Oh weekend. How do you fly by so quickly?
Friday night we went to Chili’s for dinner and then saw “This Means War” with the In-Laws. Dinner was ok…I suppose. I somehow accepted having a whiskey and diet and then also agreed to doing a shot of Jagger before we left for the movie. Even the bar tender judged us for doing shots at what was it? Oh, 6:30pm. All in all, my calories were still spot on for the day. Diaster averted.
Saturday morning I biked at Stone Mountain Park while my husband ran…. This was a clusterfuck. I’d been having a few bike issues on and off. I attributed them to 50% user error and 50% bike error, though in all reality, I’m sure the numbers were much different. Stone Mountain is a bitch of a bike. Rolling hills, long hills, steep hills, etc. It’s horrific. Anyhow, here I am, big ass and all on my bike, climbing the first hill. You are strong. You can do it. Don’t quit now. And I dont. I climb my first hill successfully. I’m panting, near death and see the next hill and start the climb. CLUNK CLINK CLACK My gears, my fucking gears. I hop off mid hill to get a peak and what’s happening and this guy wizzes past me yelling, “Don’t quit now! Hop on and finish the hill! There’s a big decline after this one!” I have a mixture of emotions and dont know if I should be flattered or outraged.
- Fuck yeah, man! I’m with you! Let me hop back on and keep going! I can do this! Thanks for the motiviation!
- But Dude, did you assume that I was off my bike and walking it because I’m fat and just needed the motivation? How judgy is that?
- Fuck. My gears…
I hop back on and press through my gears refusing to change. I climb a couple of more hills and then I literally cannot rotate. I hop off, again, hoping the dude hasnt lapped me and yells out to stop quitting. My chain has completely come off. I comtemplate two options, wait for my husband to catch up to me since he’s running and have him fix it or try and figure it out myself. I look down at my french tips, sigh and start trying to work on my chain. Sure, this may be simple for some people, but I have never done any of this shit on my own. My husband always fixes my bike issues. 10 minutes later I think I may have the chain back on and decide to walk up the hill to watch it rotate. All seems good. I hope on and make it down the hill. Great! I’m golden! Let me finish the next 3 miles! Negative. The chain comes off again and I’m stuck inbetween gears. I end up riding down and walking up every hill for the next 2 miles. I was infuriated.
I ultimately ended up taking my bike to our local shop and the guy said my chain was broken (HAHA! BIKE ERROR!) and I probably broke it. (Well, fuck.) He talked to me about the gears and things NOT to do. Apparently I should never be in 7 & 1. I should lean towards 5 & 3. My legs and hands are bruised from attempting to fix my bike.
The hardest part about my bike debachale was that I had planned on lapping the mountain twice. Something I’ve never done before. My body has gotten stronger and I could have done it this time, but instead of me holding myself back, a stupid bike was. I racked my bike and when my husband got done we got in the car. I looked at him will tears in my eyes and he just rubbed my back and told me he believed in me and loved me and knew that I could do it too. That was just what I needed.

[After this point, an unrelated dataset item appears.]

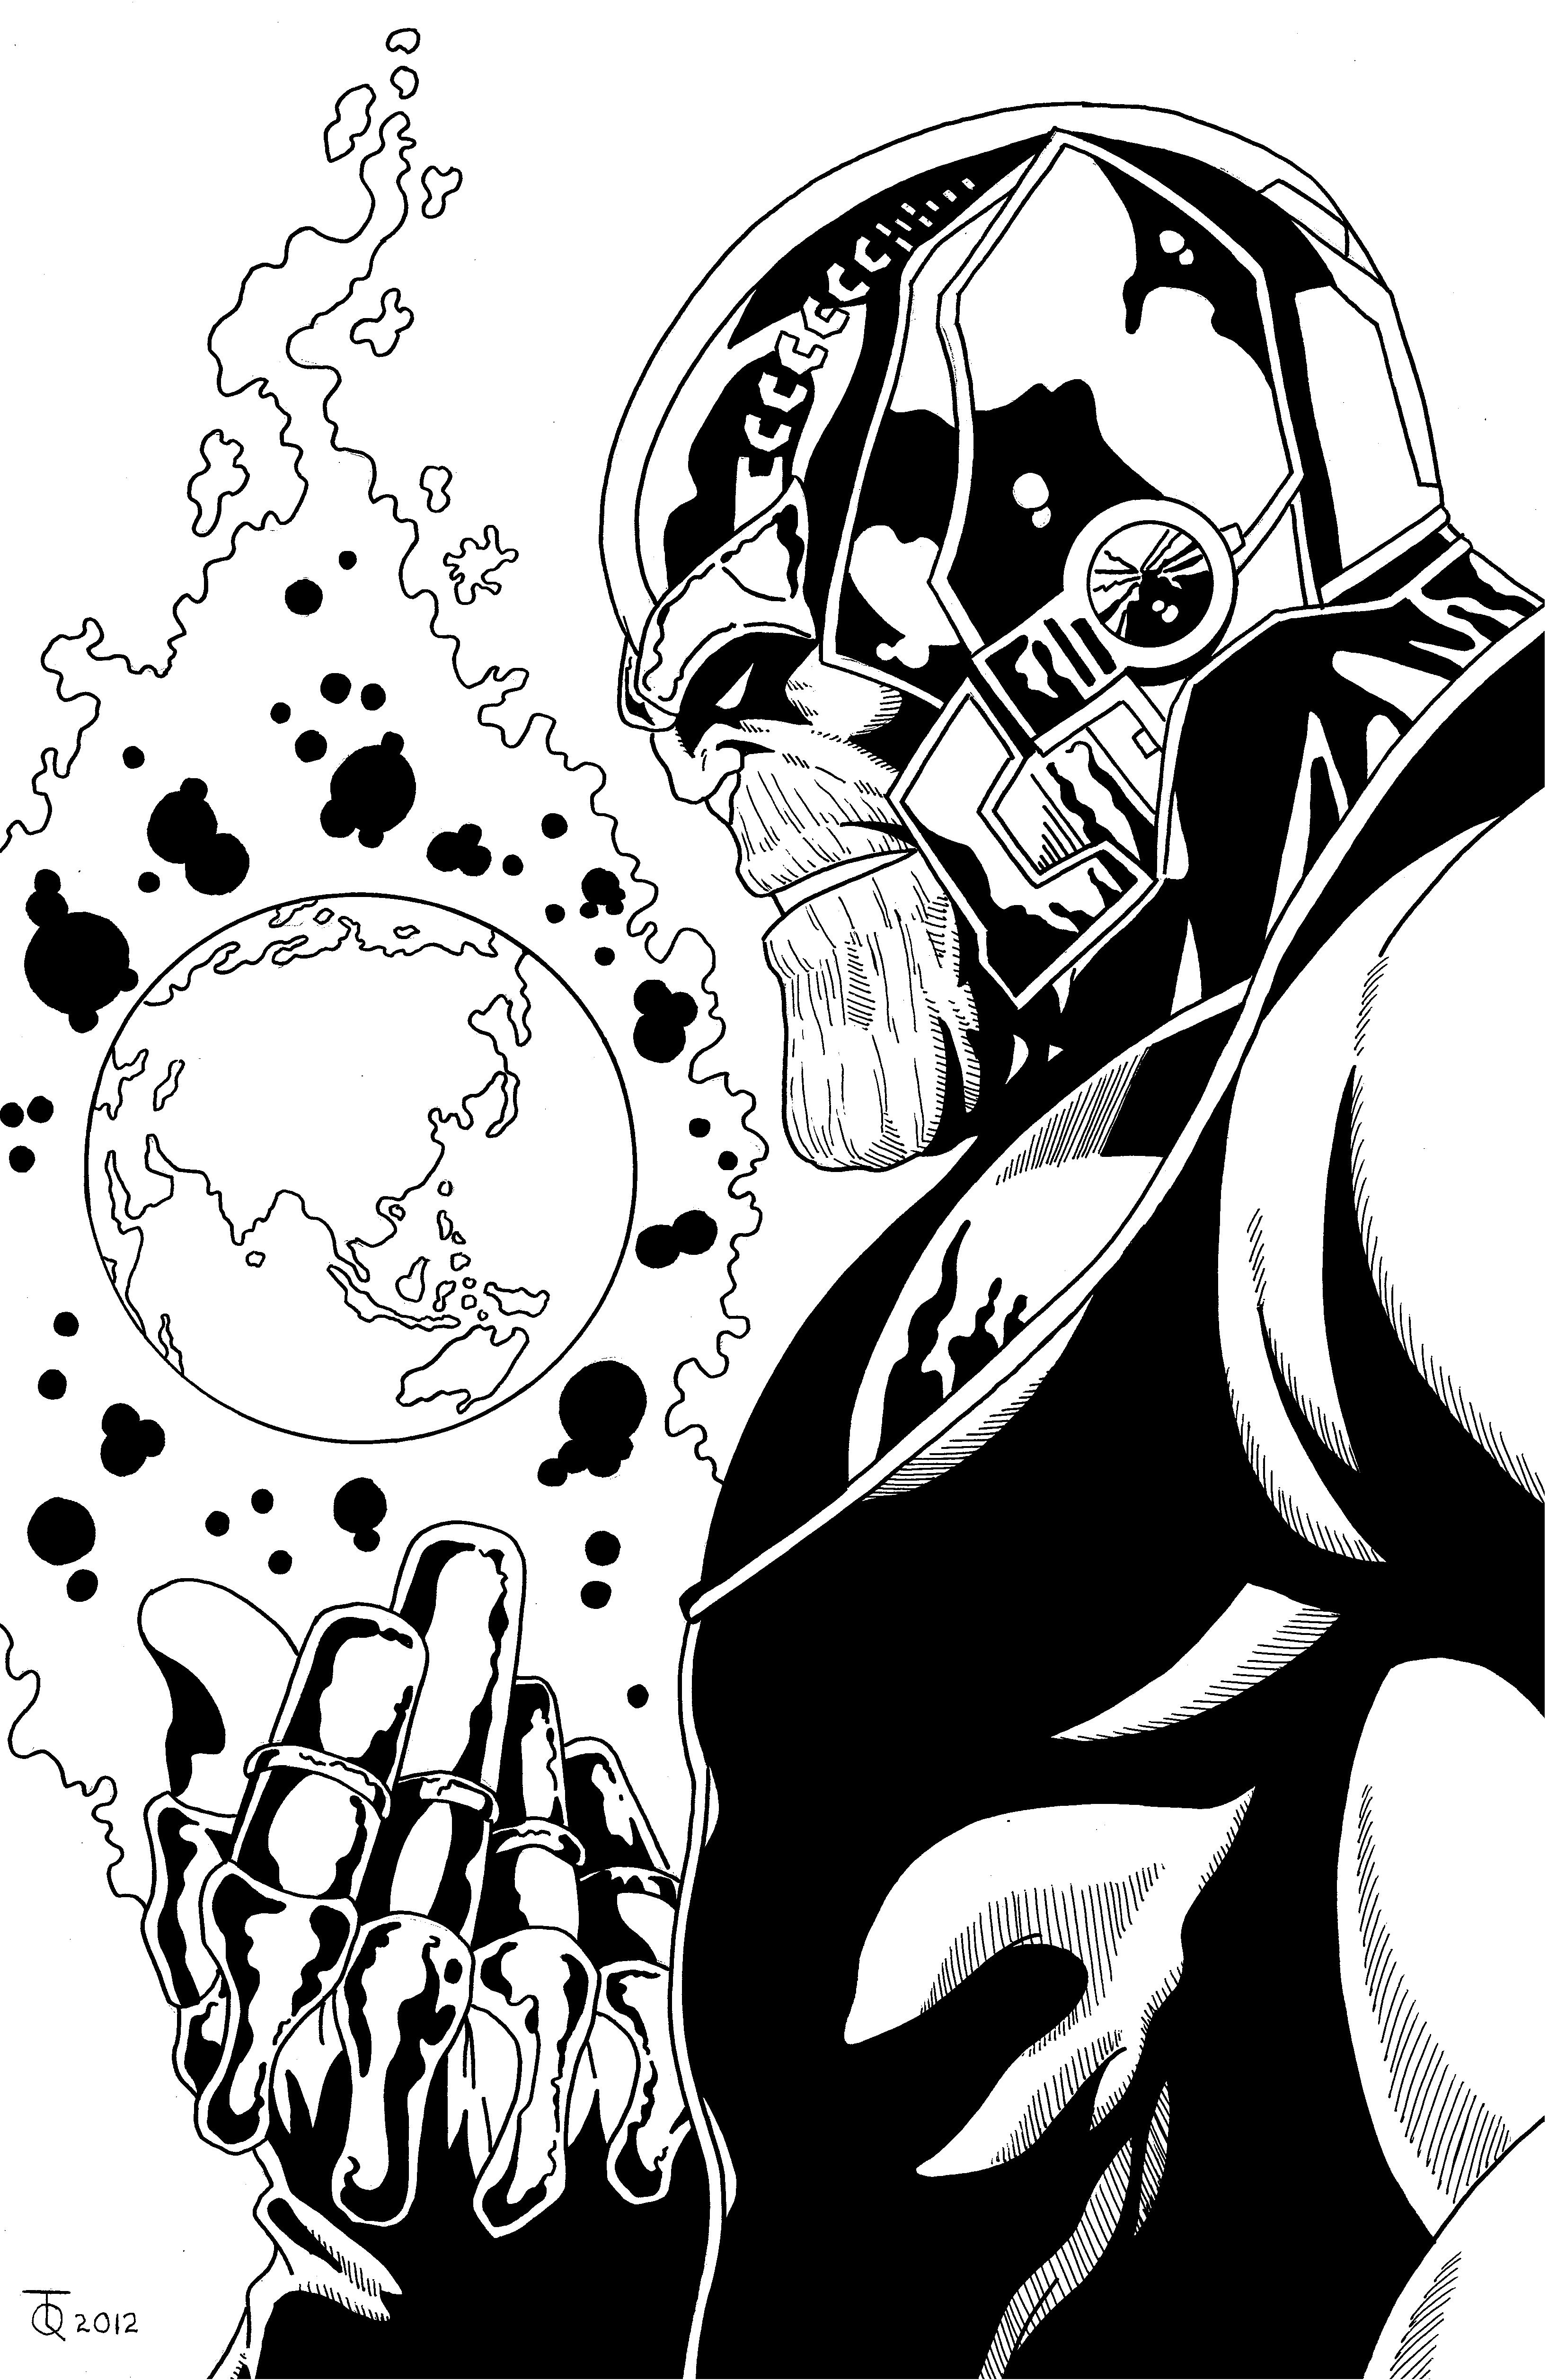 Képek - Page 4 Thanos_the_dark_titan_inked_by_tyndallsquest-d5lqqqs

And then Saturday night I started feeling rather crappy. Just a sore throat, so I decided to tough it out. Went to karaoke with some friends and sand my heart out with Disney and Musical show tunes. Talk about amazing. Again, I fell back into my whiskey and diet trap! Sneaky sneaky! I did however manage to eat the “Drive through diet” version of Taco Bell. Who am I becoming? Taco Bell use to be my fat girl camp. It was a moment of pride and happiness and slight disgust.
Sunday it hit me. I don’t handle being sick very well. I go from strong and capable to weak and feeble. I’m a pathetic blabbering baby like mess. It’s terrible. Fortunately, my husband is a fantastic man and takes very good care of me. I climbed into the bath where I proceeded to read the entire Hunger Games. (Amazing. Read it.) My husband made me a bowl of soup and it didnt taste good, so I ate the pasta he made for himself. When I am sick I crave carbs. It’s terrible and out of control. I ate a bowl of pasta with butter and parmesan cheese. And it didnt even taste that good. My husband took a nap with me and then for dinner, I made myself a cheese quesadilla with sour cream and salsa. A terrible calorie day; over by 500. What I am learning though is forgiveness. One day isn’t the end of the world. Tomorrow is a new day. My husb
YES! Carbs and cheese! Can’t get enough of them when I’m sick. Don’t push yourself these next few days, so you’re well enough to tackle the mountain trail again next weekend.